Category: Dragon Age - All Media Types, Dragon Age: Inquisition
Genre: Epistolary, Established Relationship, F/F, Inquisitor as conqueror, Love Letters
Language: English
Status: In-Progress
Published: 2018-12-05
Updated: 2019-04-25
Packaged: 2019-09-07 19:14:32
Rating: Teen And Up Audiences
Warnings: Creator Chose Not To Use Archive Warnings
Chapters: 4
Words: 3,915
Publisher: archiveofourown.org
Story URL: https://archiveofourown.org/works/16859776
Author URL: https://archiveofourown.org/users/bohemiantea/pseuds/bohemiantea
Summary: 63 is still a fine age to still be adventuring or at least serving as a tedious cousin's bodyguard at the Conclave, but Abigail Trevelyan had planned on retiring soon with her lover. Now she raises and directs armies to set Thedas to rights, and only Hélène sees her emotional side.("Alea iacta est" = "the die is cast." Suetonius attributes this phrase to Julius Caesar as he was crossing the Rubicon January 10th 49 B.C. https://en.wikipedia.org/wiki/Alea_iacta_est )More tags will be added as this work is added to.





	1. Chapter 1

**10th day of Verimensis, the Temple of Sacred Ashes at Haven**

_My dearest  Hélène,_

_i am freezing my tits off. The Frostback Mountains are even colder than anticipated and I wish I had one of your lambswool shifts. Nights are a trial. I am busy enough during the day the cold is a nuisance instead of the misery it’s becoming this evening. I may beg you to send one if this Conclave grinds on as long as I suspect it will._

_Abelard, sadly, is just one of many blowhards braying to the Mothers about what should be done. The war between mages and templars has finally pushed into our sacred, noble realm and disrupted tea._

_Forgive me the heavy irritation – my cousin is a tiresome pedant, convinced the Trevelyan name means something to the Chantry aside from a Knight-Commander, a scholar, four sisters, and generous tithing. He might be right, but we join other noble families with similar claimants on both sides, and all of us are smarting._

_Meanwhile, I overheard a few stories of what happened to the mages in Kirkwall and they beggar belief. If they are true, I can’t repeat them to you. They will give you worse nightmares than the Blight had. If even a fraction of them are true, our templars have violated a sacred duty that can’t be forgiven. Not by me, anyway._

_I hope your sister remains safe near Ostwick. I regret I couldn’t do more to help her. Perhaps this Conclave will have to do, and so I endure Abelard’s plodding and whining as well as the terrible accommodations. I thought my days in tents were over. I should have known better as soon as I agreed to join his entourage._

_Some Grey Wardens arrived today. Strange bunch. They hardly interacted with anyone save the clerks and porters who could tell them where to go. I find their presence odd. Will they be recruiting? Or did the Divine invite their opinion? Or perhaps they hope to petition the Divine for more mages in their ranks. Our Knight-Commander cousin has complained before about sending his charges to the Wardens. The oaf doesn’t realize how effective magic is against the darkspawn. I am still grateful to your sister for that._

_I wonder if all Grey Wardens are so grim and focused? I suppose I will find out tomorrow. I’ve errands to finish after I seal this letter, and then dinner and a cot for me. Would that you were here and could keep me warm._

_Yours,_

_Abby_

* * *

Abigail straightened with a twinge at her lower back, corking the ink bottle and wiping her quill on a rag. The bells had finished tolling seven at least five minutes ago. She could take Hélène’s letter to the runners for dispatch in the morning, check on Abelard, and then get a bowl of dinner. Most likely the stew made for the guards and mercenaries encamped with their households and affiliations in regimented and segregated lines outside the Temple.

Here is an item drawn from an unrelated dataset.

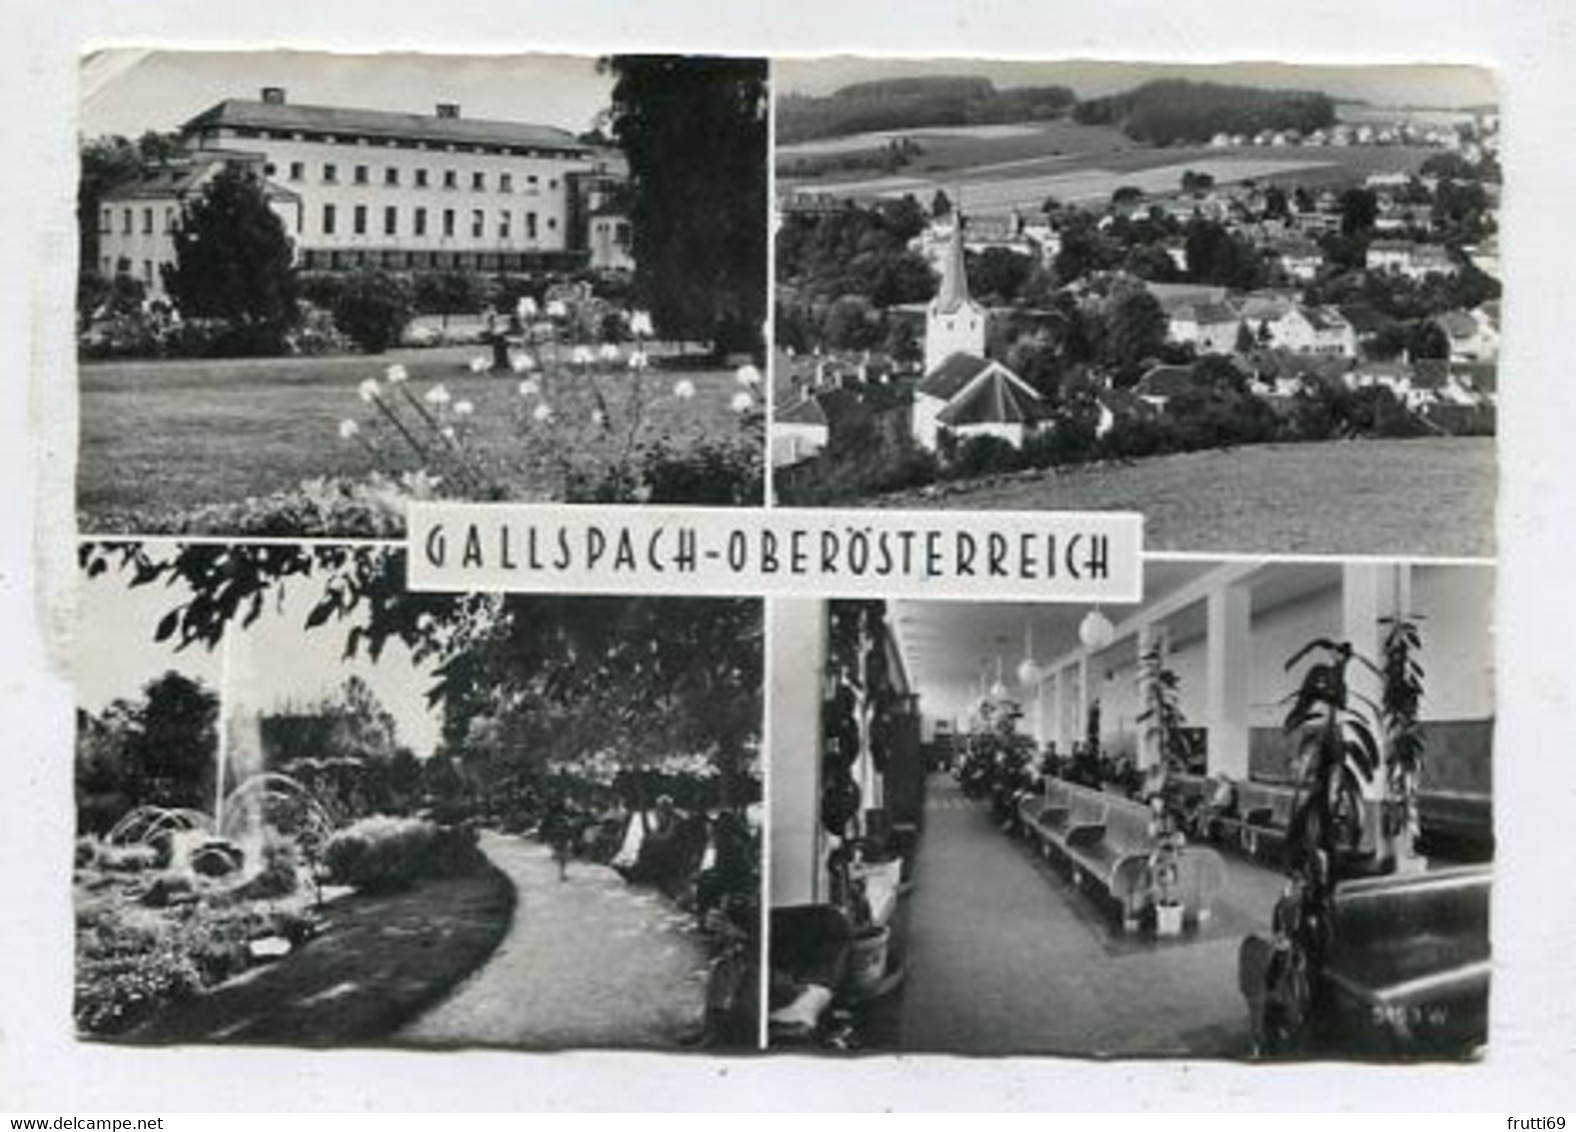 AK 117299 AUSTRIA - Gallspach - Gallspach

Most of the mercs, guards, or templars weren’t quite sure what to make of Abigail. She wedged herself into their company easily enough, but the confusion on their faces when they realized - especially after particularly lewd jokes - she was old enough to be either their mother or grandmother was comical. The others were smart enough to have figured it out and defaulted to deference, uncertain what powerful name or mercenary company she represented.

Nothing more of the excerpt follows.